Between 2000 and 2015, Coconino County received $3 to $4 million of Secure Rural Schools and Community Self-Determination Act funding each year from the federal government, with 35 percent of that distributed to county schools. In the last two years the county received just $300,000 from the USDA.
(Stock photo)

Between 2000 and 2015, Coconino County received $3 to $4 million of Secure Rural Schools and Community Self-Determination Act funding each year from the federal government, with 35 percent of that distributed to county schools. In the last two years the county received just $300,000 from the USDA. (Stock photo)

Coconino County forest fees designated for WUSD

2012 – $178,573

2013 – $168,709

2014 – $194,033

2015 – $183,741

2016 – $142,317

2017 – $0

2018 – $0

*Source Coconino County

WILLIAMS, Ariz. — Williams Unified School District is one of several districts seeing a withering of federal support this year because of the failure of Congress to reauthorize the Secure Rural Schools and Community Self-Determination Act in 2015 (SRS).

The act, distributed by the Department of Agriculture, compensated schools and the county for lost property tax revenue because of a decline in traditional timber harvesting.

Between 2000 and 2015, Coconino County received $3 million to $4 million of SRS funding each year from the federal government, with approximately 35 percent of that distributed to county schools.

In 2017, with the loss of the SRS program, the county received just $300,000 from the USDA.

That reduction has directly affected the WUSD budget which received close to $200,000 each year from the county in what is commonly referred to as “forest fees.” The district received no forest fee money in 2017 and 2018.

The impact

WUSD currently distributes the payments into its maintenance and operating budget and has mainly used it for infrastructure projects. The governing board approved $200,000 of forest fees last year for the purchase of six security doors and an intercom system, and replacement of 270 desktops, laptops and iPads at the schools.

photo

Williams Unified School District is seeing significant less funding after Congress failed to reauthorize the Secure Rural Schools and Community Self-Determination Act in 2015. (WGCN)

In 2014, WUSD used $75,000 of forest fees to install new ADA accessible plastic bleachers at the Williams High School gymnasium, and in 2013, $17,000 of forest fees were used to build a sidewalk from the high school to the WUSD administrative building.

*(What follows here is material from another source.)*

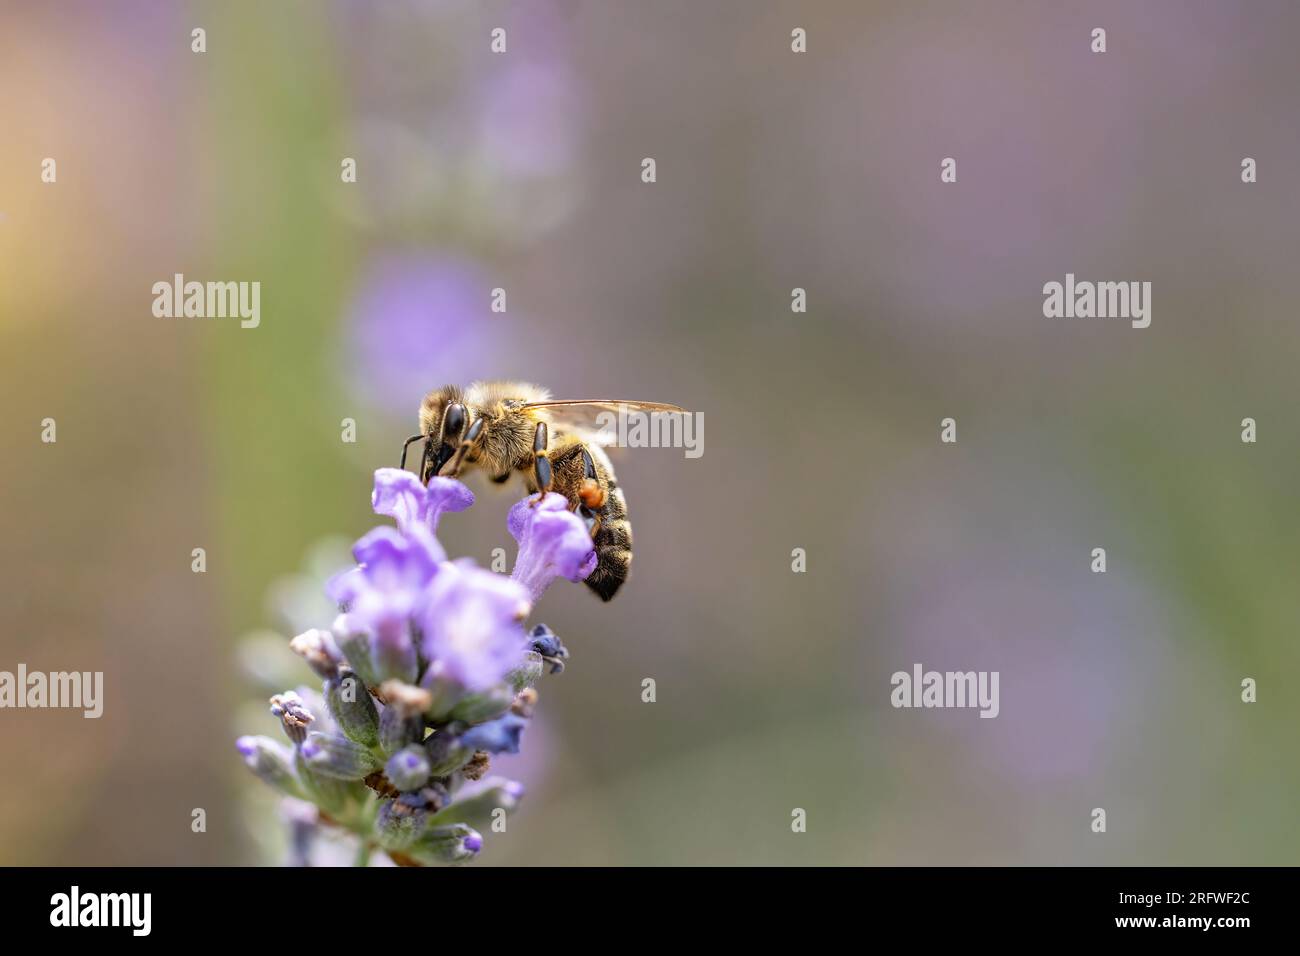 Vue latérale de la fleur de lavande violette pollinisante d'abeille de miel. Horizontalement. Banque D'Images

When funding for the Secure Rural Schools program expired in 2015, it left more than 775 counties and 4,400 school districts nationwide with budget shortfalls. Rural counties now receive up to 80 percent less than what forest counties received under SRS.

How it can be used

The last distribution of forest fees was in March 2016 when Department of Agriculture (USDA) Secretary Tom Vilsack announced the distribution of approximately $272 million that went to 41 states and Puerto Rico in support of local schools, roads and forests through the Secure Rural Schools and Community Self-Determination Act.

According to the USDA, the payments, which are administered by the U.S. Forest Service, may be used to support public schools and roads; to help maintain and improve the health of forests; and for other county needs like implementation of fire prevention projects, development of community wildfire protection plans and reimbursements for emergency services on national forests.

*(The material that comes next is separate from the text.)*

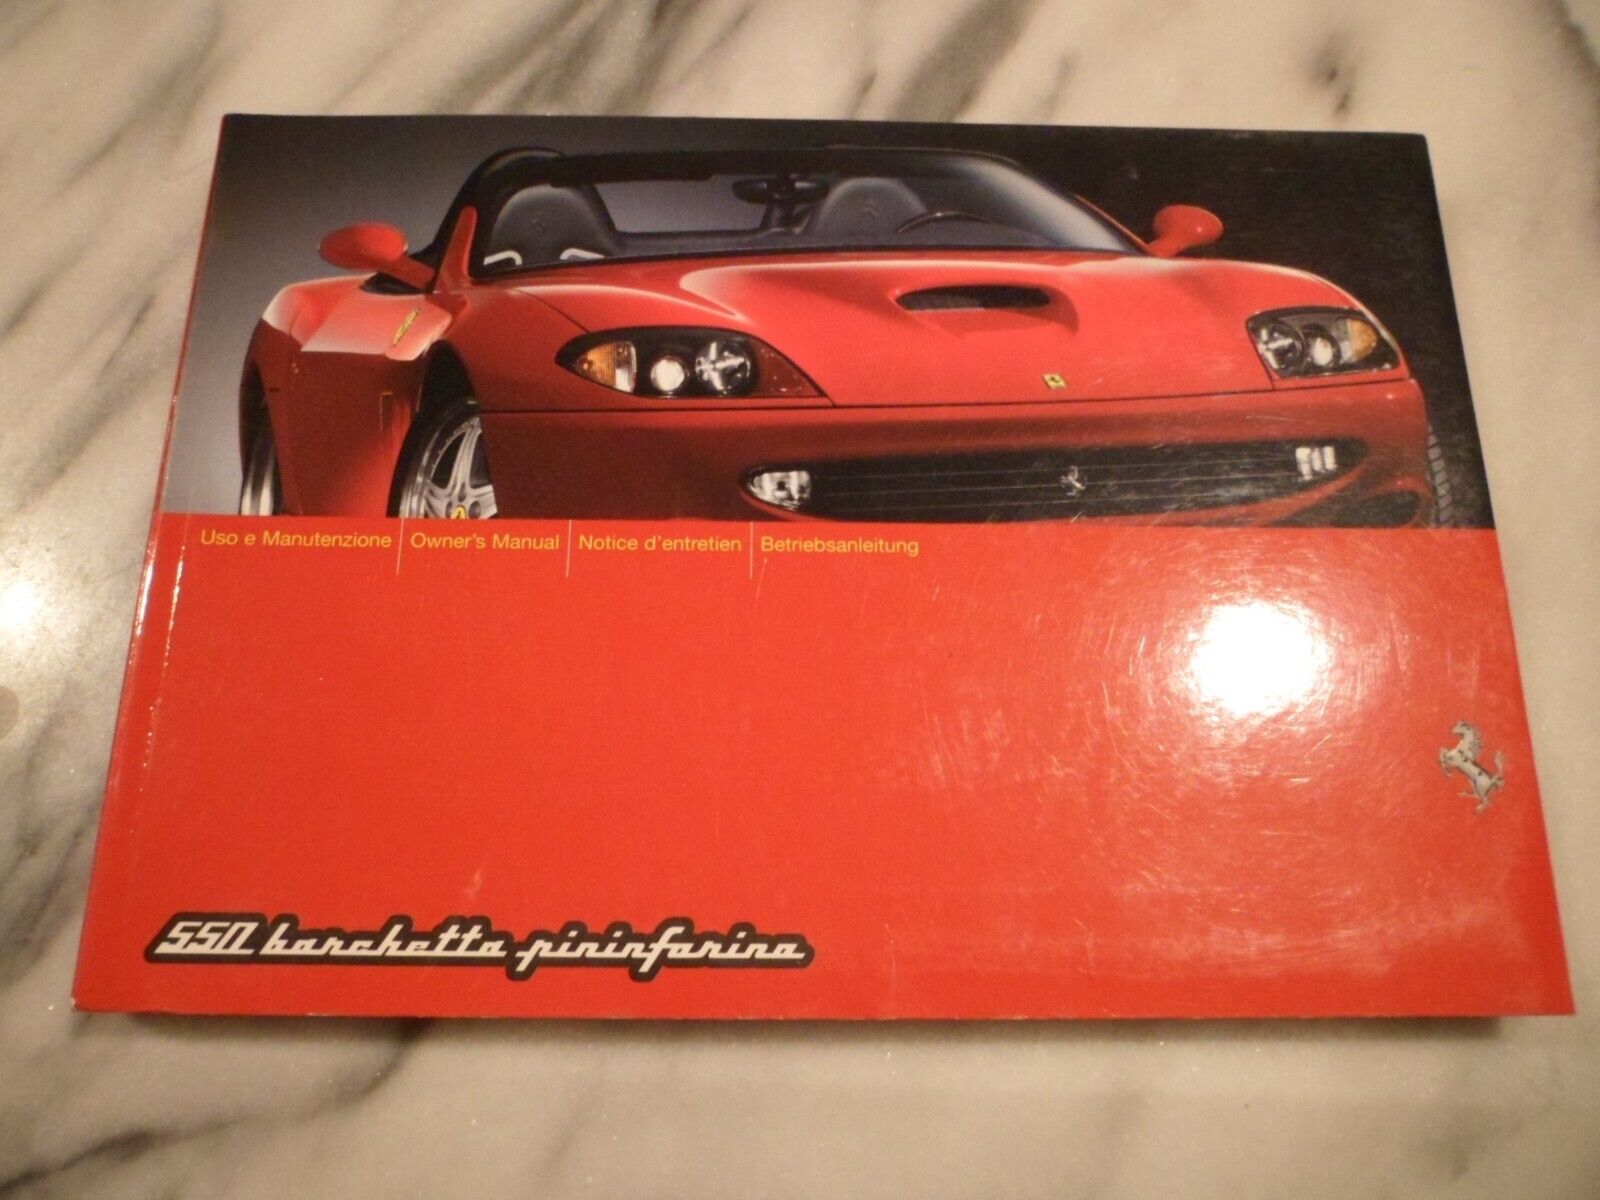 2001 Ferrari 550 Barchetta Pininfarina Owners Manual

Forest projects are reviewed and recommended by resource advisory committees made up of local residents working together to improve the environment and to help provide jobs in rural communities.

The origination of the Act

Historically, counties containing federal lands received payments from the federal government based on the presence of such lands and the revenue they generated. A 1908 act required that 25 percent of the revenues be allocated to rural counties and schools.

In the early 1990s, federal timber sales began to decline as the country saw changes in forest management. In response, Congress passed the Secure Rural Schools and Community Self-Determination Act of 2000 as a temporary payment program. SRS payments were distributed to counties based on historical revenues rather than current revenues from forest use.

Authorization for SRS payments was originally set to expire in 2006, but Congress extended the program through FY2015 with several reauthorizations and extensions. The last authorized payment was made in FY2016.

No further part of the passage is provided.